Двадцатые годы были временем, когда поэзия была более популярна в России, чем когда-либо прежде или после. Основной формой тогда стала байроническая повесть в стихах: увлечение Байроном началось в 1822 г. после пушкинского Кавказского пленника и Шильонского узника, переведенного Жуковским, и продолжалось до конца десятилетия. До внезапно возникшей в 1829 г. моды на писание романов стихотворные повести были даже «бестселлерами». Самый большой успех имели две «южные поэмы» Пушкина (Пленник и Фонтан). Почти таким же успехом, как Пушкин, пользовался Козлов.

Иван Иванович Козлов (1779–1840) принадлежал к старшему поколению. Стихи он начал писать только после 1820 г., когда ослеп. Среди поэтов Золотого века он выделяется сравнительно мало развитой техникой. Его поэзия нравилась потому, что легко пробуждала эмоции сентиментального порядка, а не высшей поэтической восприимчивости. И все-таки ему присущи изящество и достоинство, свойственные поэтам того времени, когда писать плохо было невозможно. Популярность его у современников основывалась главным образом на огромном успехе поэмы Чернец (1824) – стихотворной повести, где мрачность байронического героя сентиментализирована и искуплена раскаянием в финале. Чернец породил не меньше подражаний, чем байронические поэмы Пушкина. Другие две стихотворные повести Козлова – Княгиня Наталья Долгорукая (1828), сентиментальная вариация на тему о злоключениях этой благородной женщины, и Безумная (1830) – такого большого успеха уже не имели. Ослепший Козлов изучил английский язык и сделал множество переводов. Сегодня единственные стихи, им переведенные, которые еще помнят – это Вечерний звон Мура и На погребение сэра Джона Мура Чарлза Вульфа. Второе не только исключительно точно переведено, но и принадлежит к числу прекрасных русских стихотворений.
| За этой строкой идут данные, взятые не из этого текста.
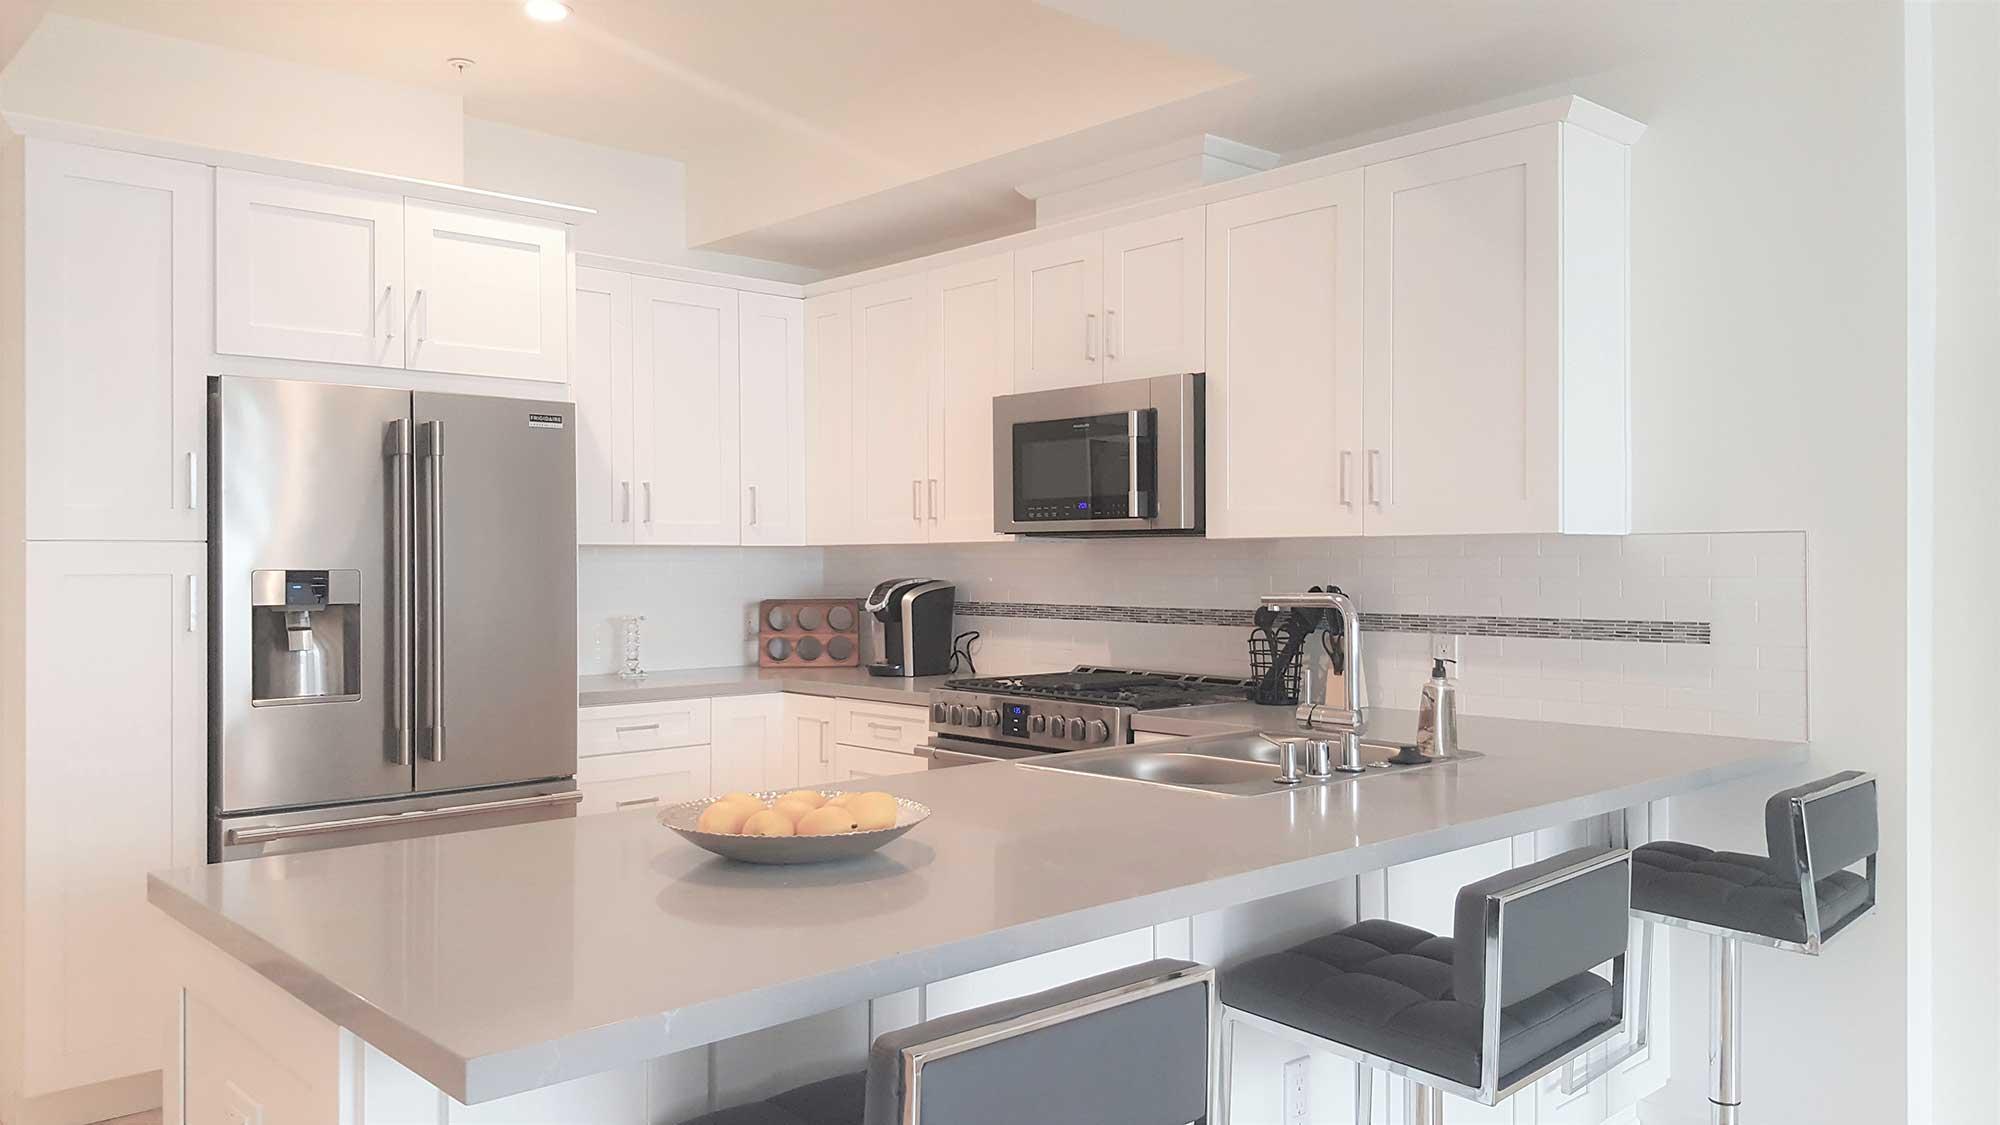 Apartment kitchen interior

Третий после Пушкина и Козлова поэт, завоевавший общее признание своими байрониче­скими поэмами, был Кондратий Федорович Рылеев (1795–1826). Он был одним из лидеров движения декабристов и душой Северного общества, организовавшего мятеж 14 декабря. Его имя возглавляло список приговоренных к смерти, и он был повешен во дворе Петропавловской крепости 13 июня 1826 г. вместе с Пестелем и тремя другими. Его жизнь принадлежит более политиче­ской истории, чем литературной. Достаточно будет сказать, что он был одним из самых искренних, благородных и чистых революционеров.
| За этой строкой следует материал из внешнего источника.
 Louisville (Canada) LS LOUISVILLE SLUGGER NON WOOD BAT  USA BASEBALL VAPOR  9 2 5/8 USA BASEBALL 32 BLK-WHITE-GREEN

Литературная деятельность Рылеева началась в 1820 г. В 1823 г. вместе с другим заговорщиком, романистом и поэтом Александром Бестужевым, он стал выпускать ежегодный альманах Полярная звезда, который был первым журналом, находившимся полностью в руках «дворян». В том же году появились его Думы – патриотические и исторические стихи, внушенные такогоже рода стихами польского поэта Немцевича и порожденные плутарховским пониманием русской истории как собрания примеров гражданской доблести. За малым исключением эти стихи высокопарны и условны. Гораздо выше стоит рылеевская повествовательная поэма Войнаровский (1825). Это история племянника Мазепы, поборника свободы Украины, который чахнет в сибирской ссылке. Нельзя сказать, что Войнаровский – совершенное произведение искусства, и ритмически он несколько монотонен, но это благородная и мужественная поэма, вдохновленная любовью к свободе. Ее высоко ценил Пушкин, который даже воспроизвел в Полтаве несколько пассажей оттуда. Но лучшее, что написал Рылеев, – это Исповедь Наливайки (тоже, только по названию, на украин­скую тему) – воодушевленная революционным пылом и написанная в год мятежа, и особенно Гражданин, написанный за несколько дней до 14 декабря. Это один из лучших образцов революционного красноречия на русском языке.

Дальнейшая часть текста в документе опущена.